- VCD cover
- Directed by: V. C. Guhanathan
- Screenplay by: V. C. Guhunathan Suba Veerapandian (dialogues)
- Produced by: V.C. Nellai Anandan V.C. Varathananthan
- Starring: Sivaji Ganesan Arjun Sarja Kanaka
- Cinematography: Ranga
- Edited by: R.T Annadurai
- Music by: Chandrabose
- Production company: Victory Movies
- Release date: 14 August 1992;
- Running time: 127 minutes
- Country: India
- Language: Tamil

= Mudhal Kural =

Mudhal Kural is a 1992 Indian Tamil-language action drama film directed by V. C. Guhanathan and produced by Nellai Anandan and Varadanandan. The film stars Sivaji Ganesan, Arjun Sarja and Kanaka. It was released on 14 August 1992.

== Plot ==

Veluthambi, a popular rebel in Puliyampatti constituency, is considered a threat a threat by the ruling party, particularly by senior leader and minister Mohanamba (Mohana), who plans to contest the upcoming election from the same seat.
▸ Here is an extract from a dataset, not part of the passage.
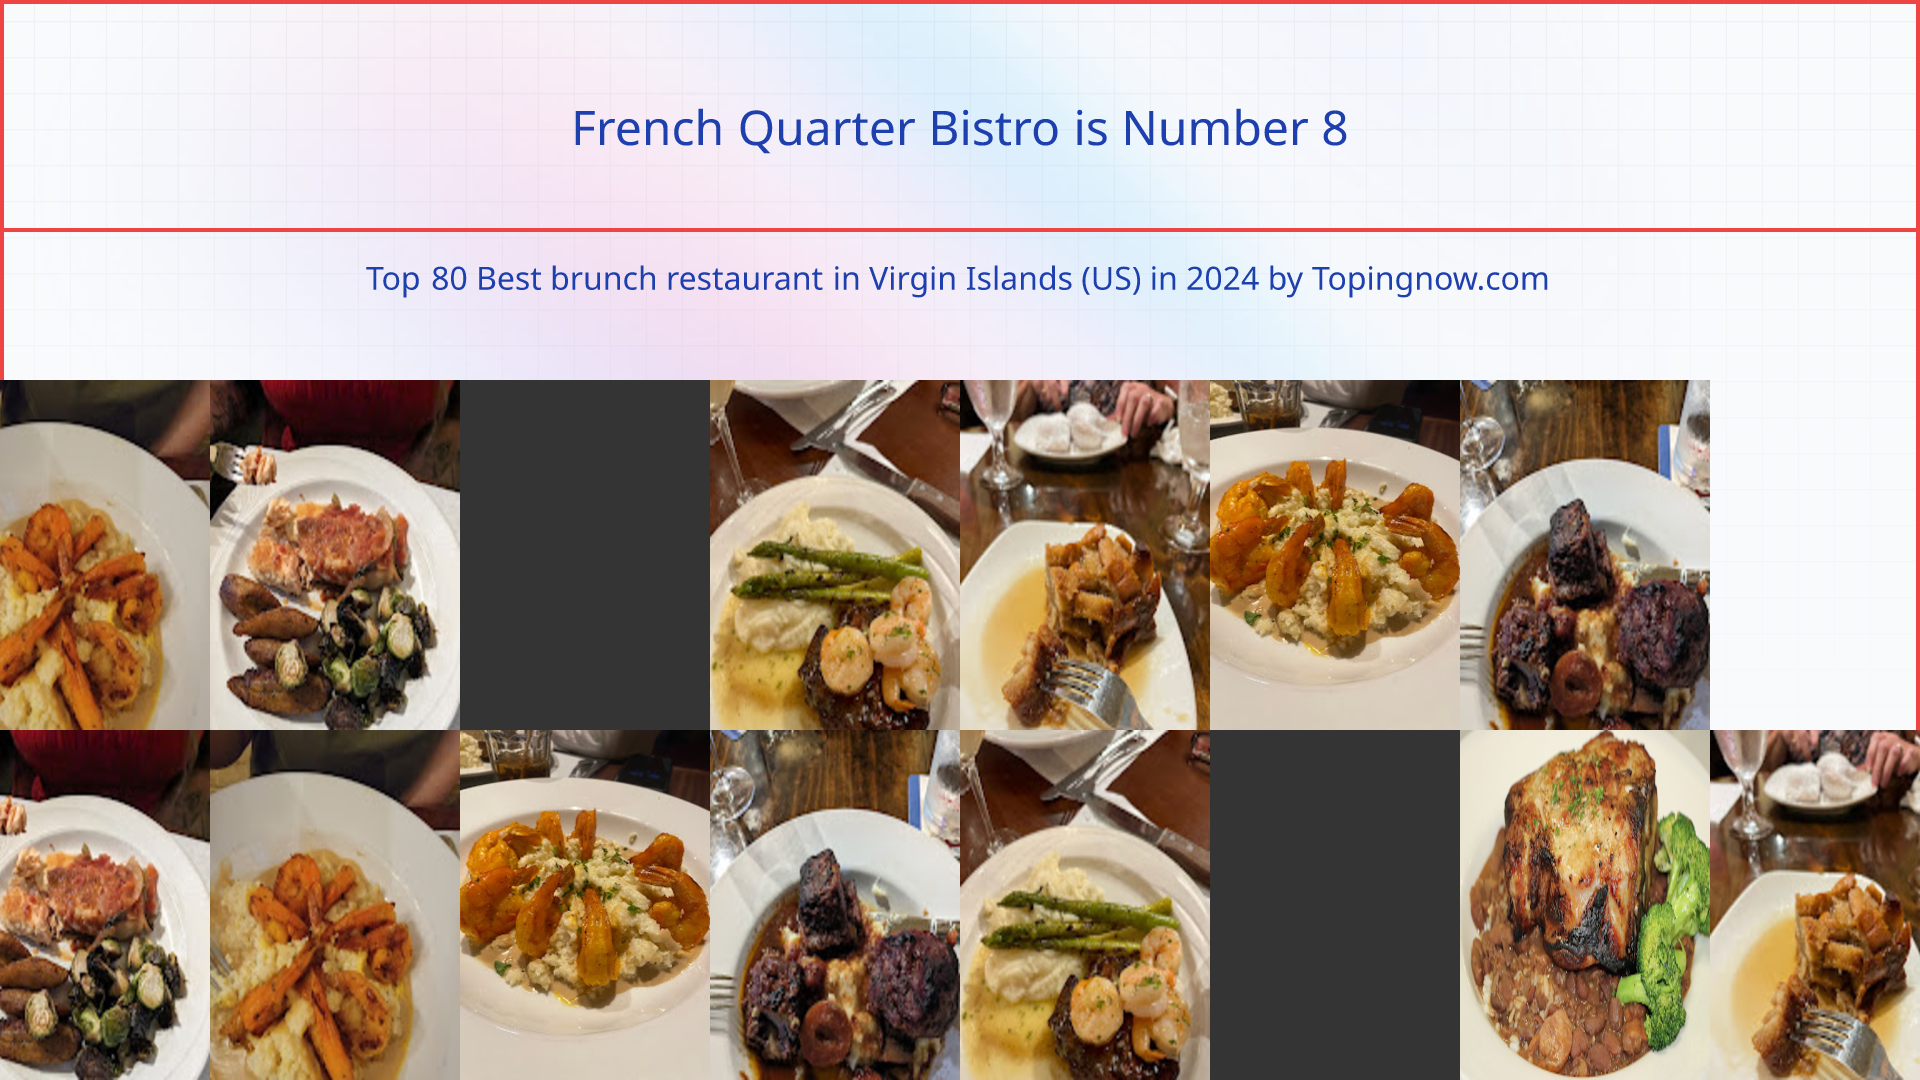 French Quarter Bistro: Top 80 Best brunch restaurant in Virgin Islands (US) in 2024

Mohana's attempts to remove him from the political scene are unsuccessful. Her relative, "Salpatta" Vasu, a wealthy businessman, hires henchmen to eliminate Veluthambi and his comrades. Although Veluthambi manages to fend off the henchmen, his comrades are burned alive in a hut. Later, the local police inspector, who colludes with the attackers, shoots Veluthambi dead, leading to widespread outrage among the public.

Jeeva, a senior journalist from Dina Madal, begins investigating Veluthambi's murder to expose the truth. Mohana tries to suppress Jeeva's efforts but fails. Subsequently, Jeeva is dismissed from his job at Dina Madal but joins another newspaper to continue his work. His reports lead to threats from Vasu's men, who attack Jeeva's home. Jeeva's son, Kumaran, intervenes and repels the attackers.
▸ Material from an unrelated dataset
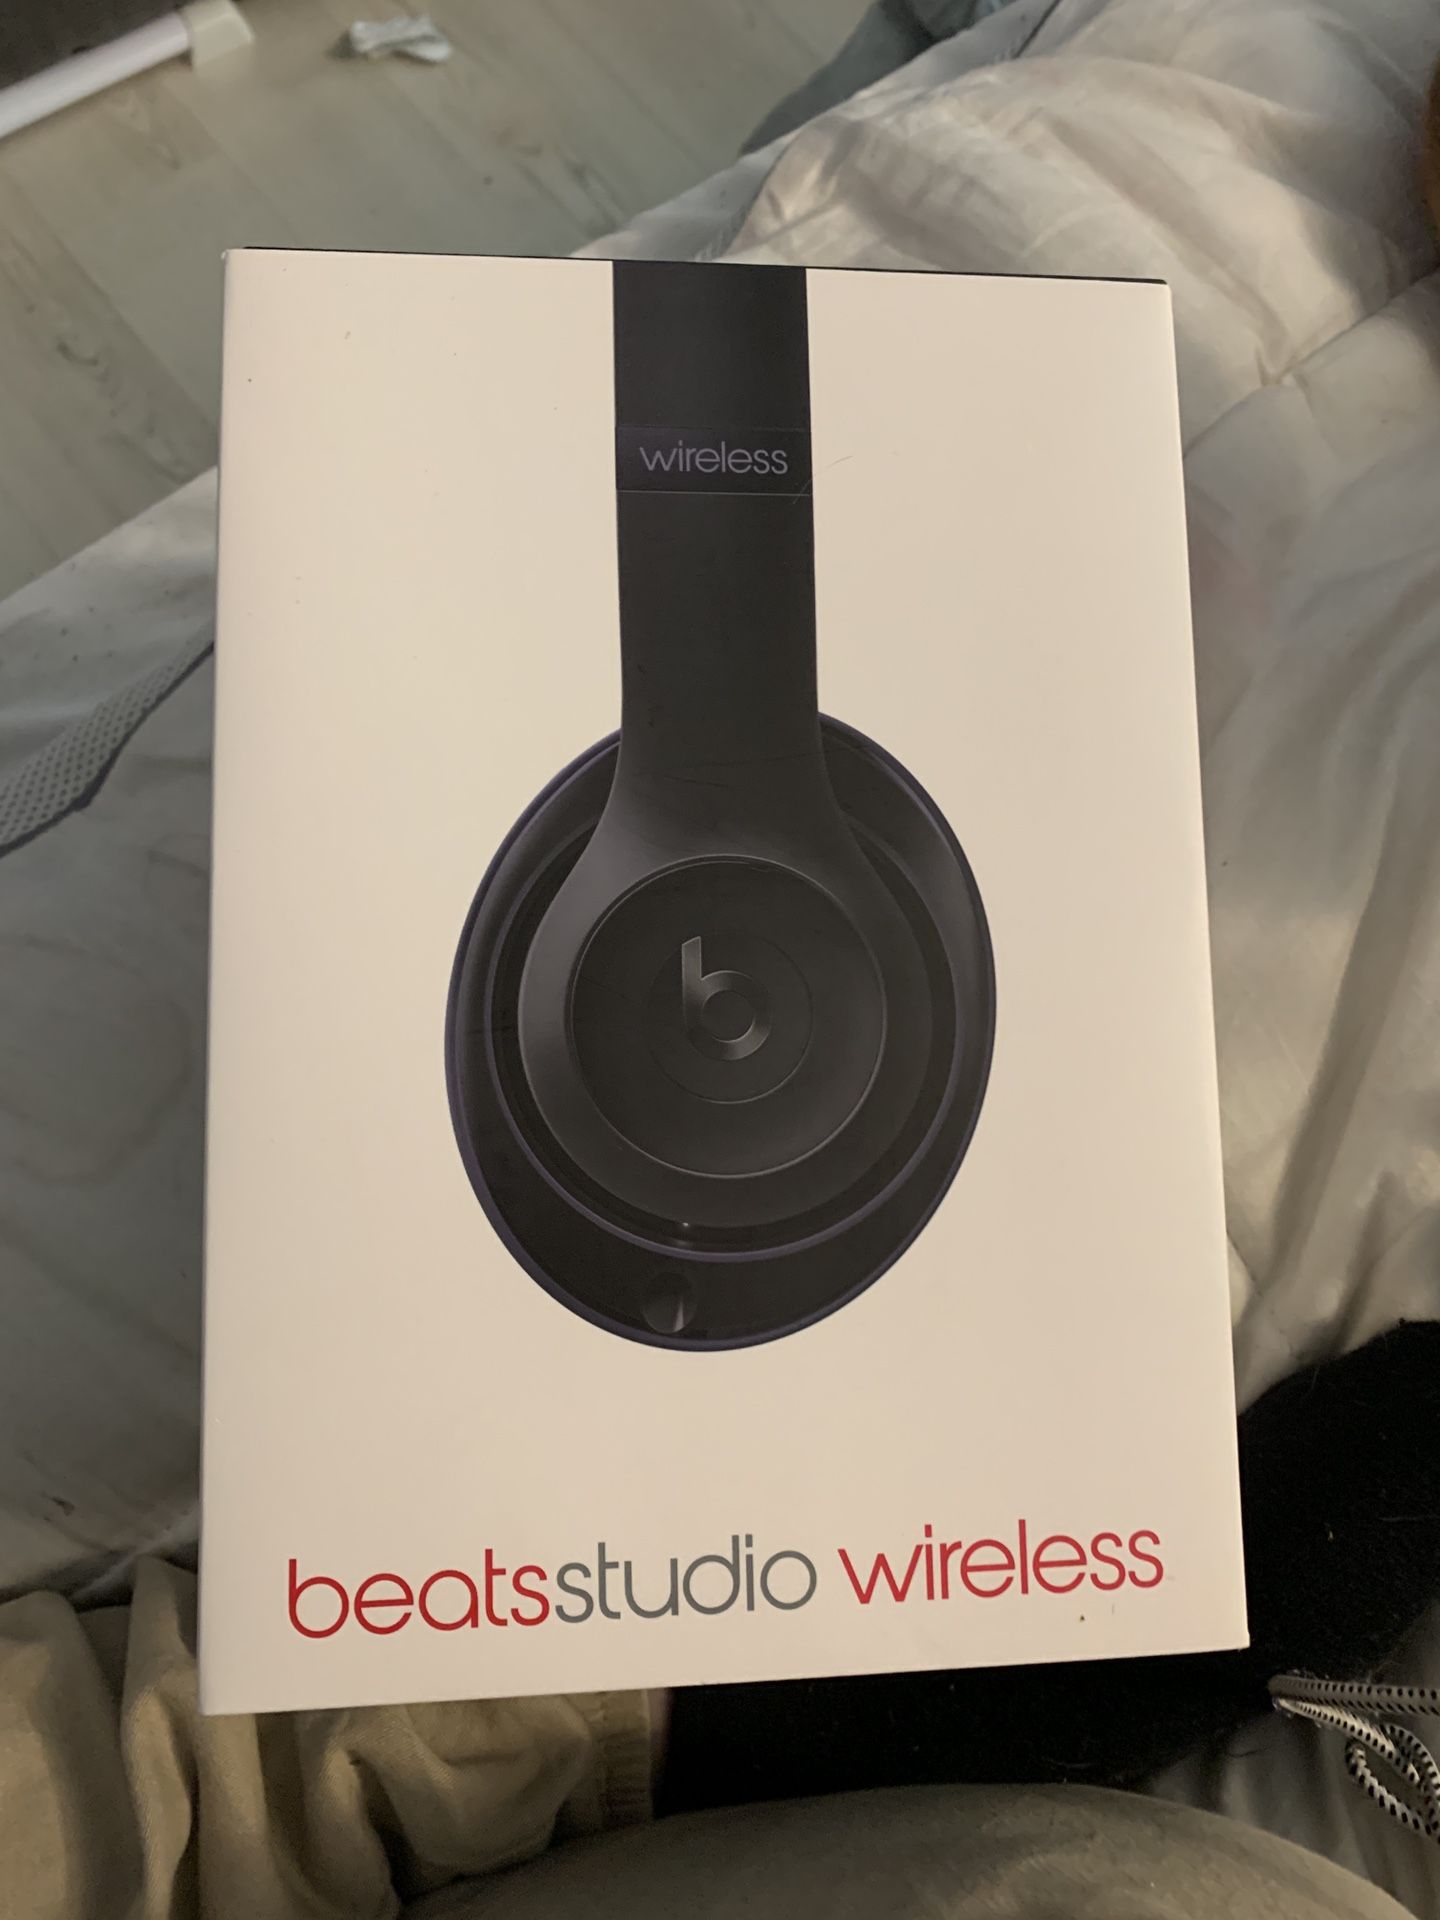 Beat by Dre wireless studio headphones

Kumaran, a third-year B.A. English Literature student, romantically involved with Vasu’s daughter, Vaani. Upon discovering Vasu’s role in the attack on Jeeva, Kumaran distances himself from her. Vaani visits Jeeva under the pretense of learning journalism, and Jeeva agrees to mentor her. Believing their relationship would endanger his father, Kumaran sends Vaani away. Jeeva attempts to seek Vasu’s approval for their relationship, but Vasu insults him and arranges a marriage for Vaani. Vasu confines her, but Kumaran rescues her, and they marry in a temple.

Jeeva is fired from his new job after his reporting implicates Mohana in Veluthambi's murder. Realizing Vasu's has bought this newsagency, he vows to expose both Vasu and Mohana.
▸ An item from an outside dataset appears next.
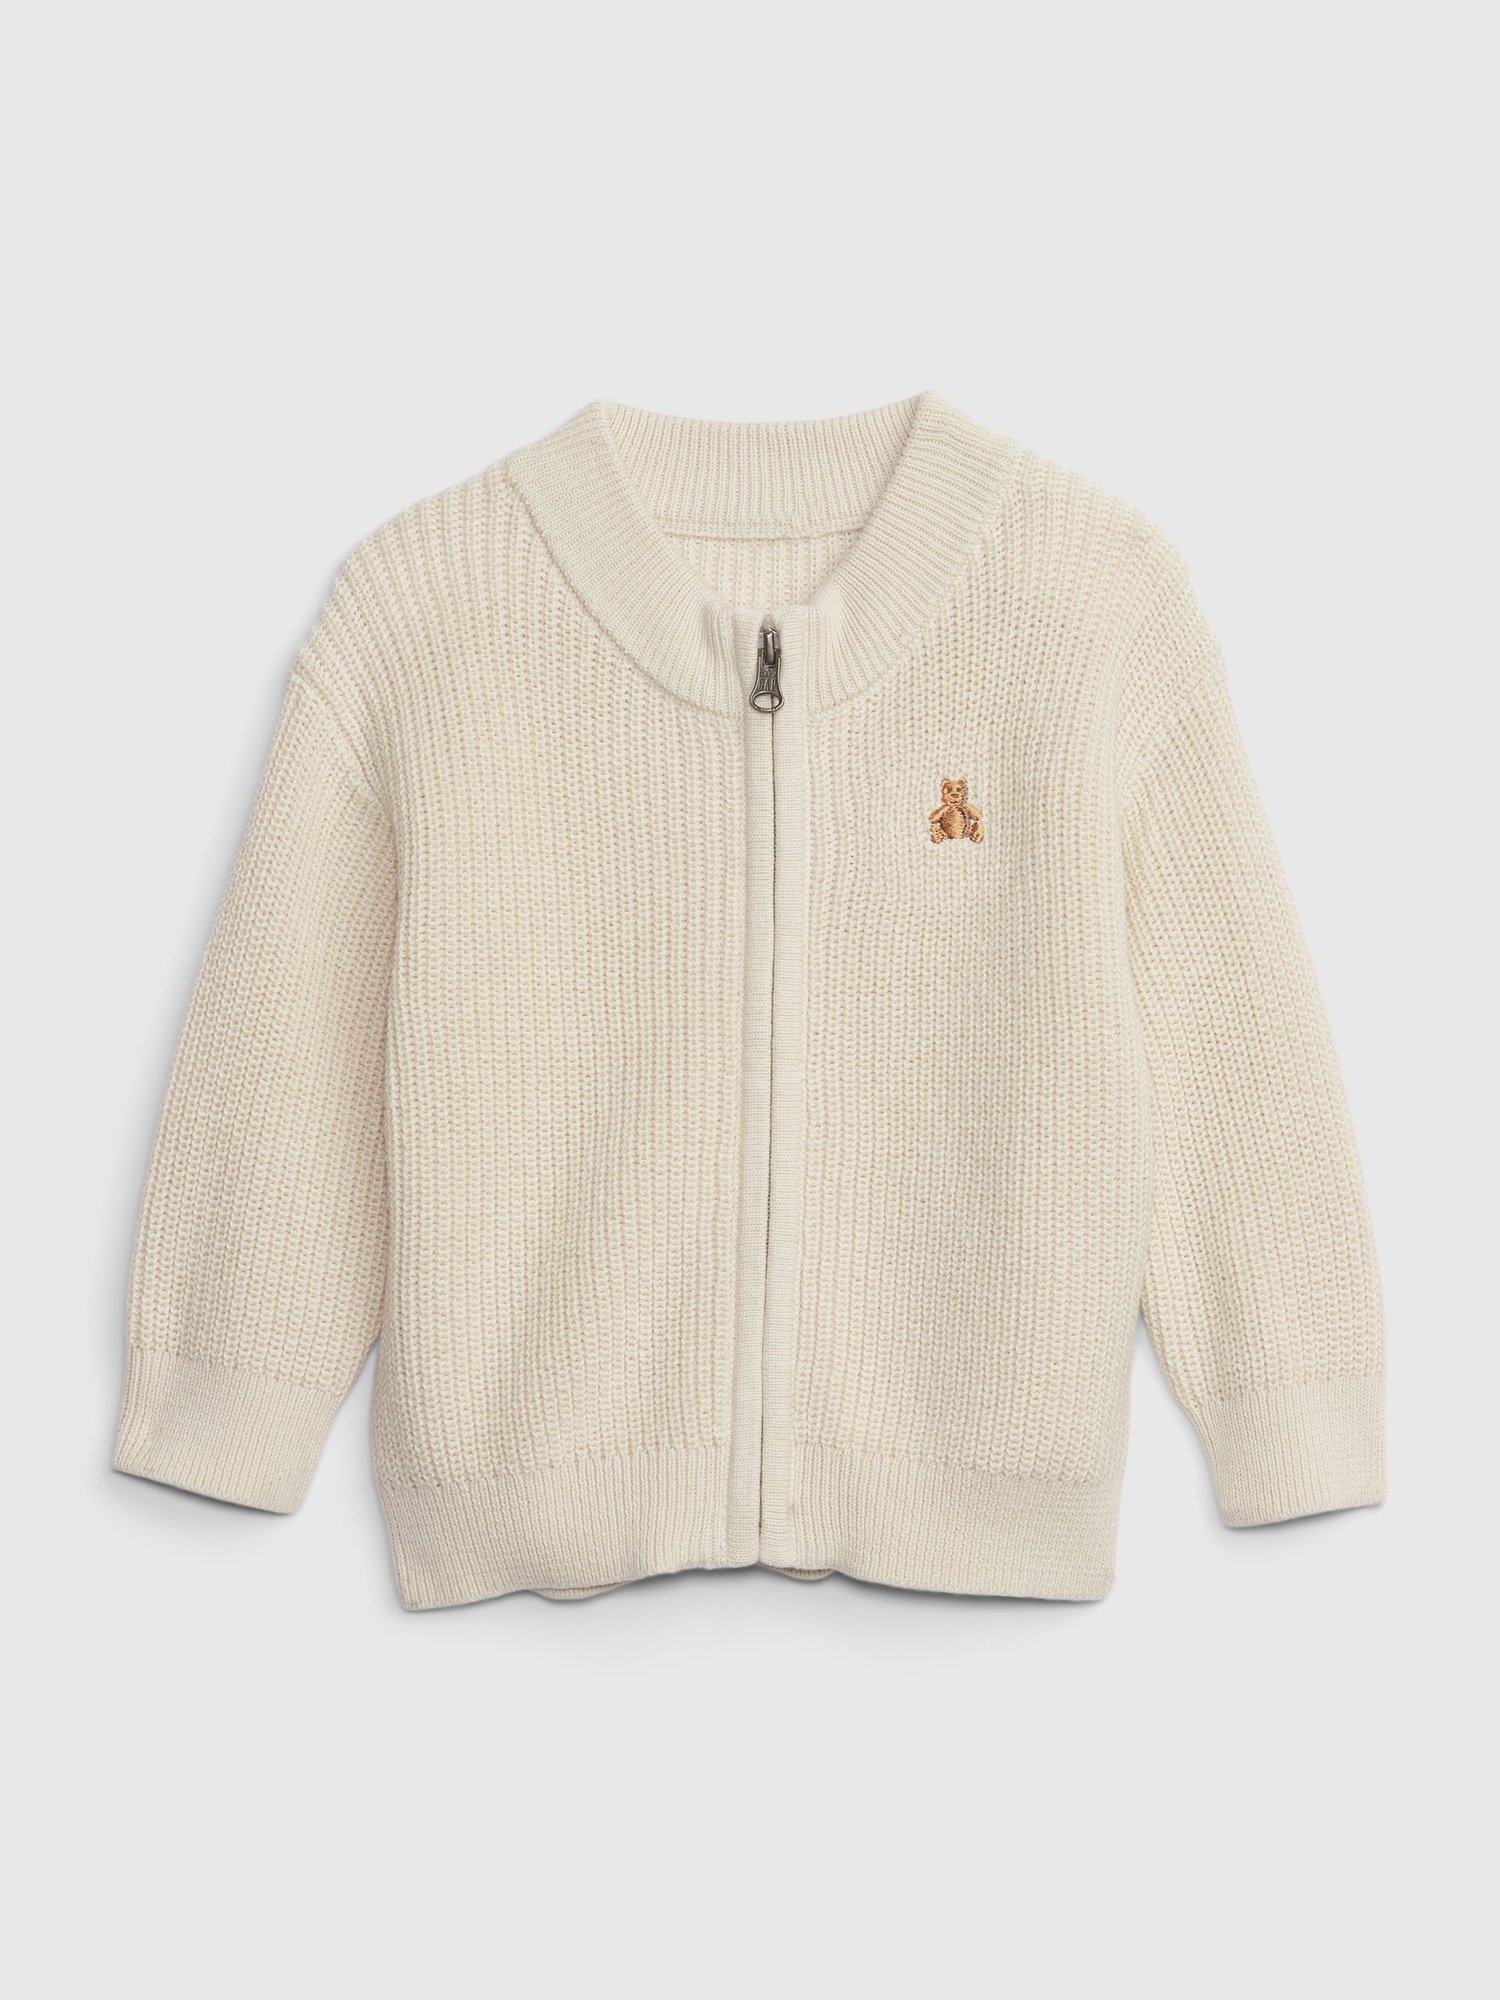 Gap Baby Zip Sweater Cardigan

Rekha, another tenant, shows interest in Karan, a fellow resident. While traveling to meet her mother, Rekha is abducted by Vasu's men, but she escapes. During her escape, she encounters Karan. Tragically she falls off a cliff while fleeing from one of Vasu's henchmen, despite Karan's attempts to save her.

Rekha, another tenant, shows interest in Karan, a fellow resident. While traveling to meet her mother, Rekha is abducted by Vasu’s men, but she escapes. During her escape, she encounters Karan. Tragically, she falls off a cliff while fleeing, despite Karan’s attempt to save her.

Jeeva files a lawsuit against Mohana for Veluthambi's murder, and the case is brought to court. Vasu arranges for a bomb to be planted in Jeeva's car, intending to kill him before he can reach the courthouse. However, Jeeva forgets the crucial audiotape evidence, and his wife asks Kumaran to deliver it to him. Kumaran, along with Karan, catches up with Jeeva’s car, but when the bomb explodes, Kumaran is killed. Devastated, Jeeva allows Vaani to keep Kumaran’s ashes instead of dispersing them as per custom.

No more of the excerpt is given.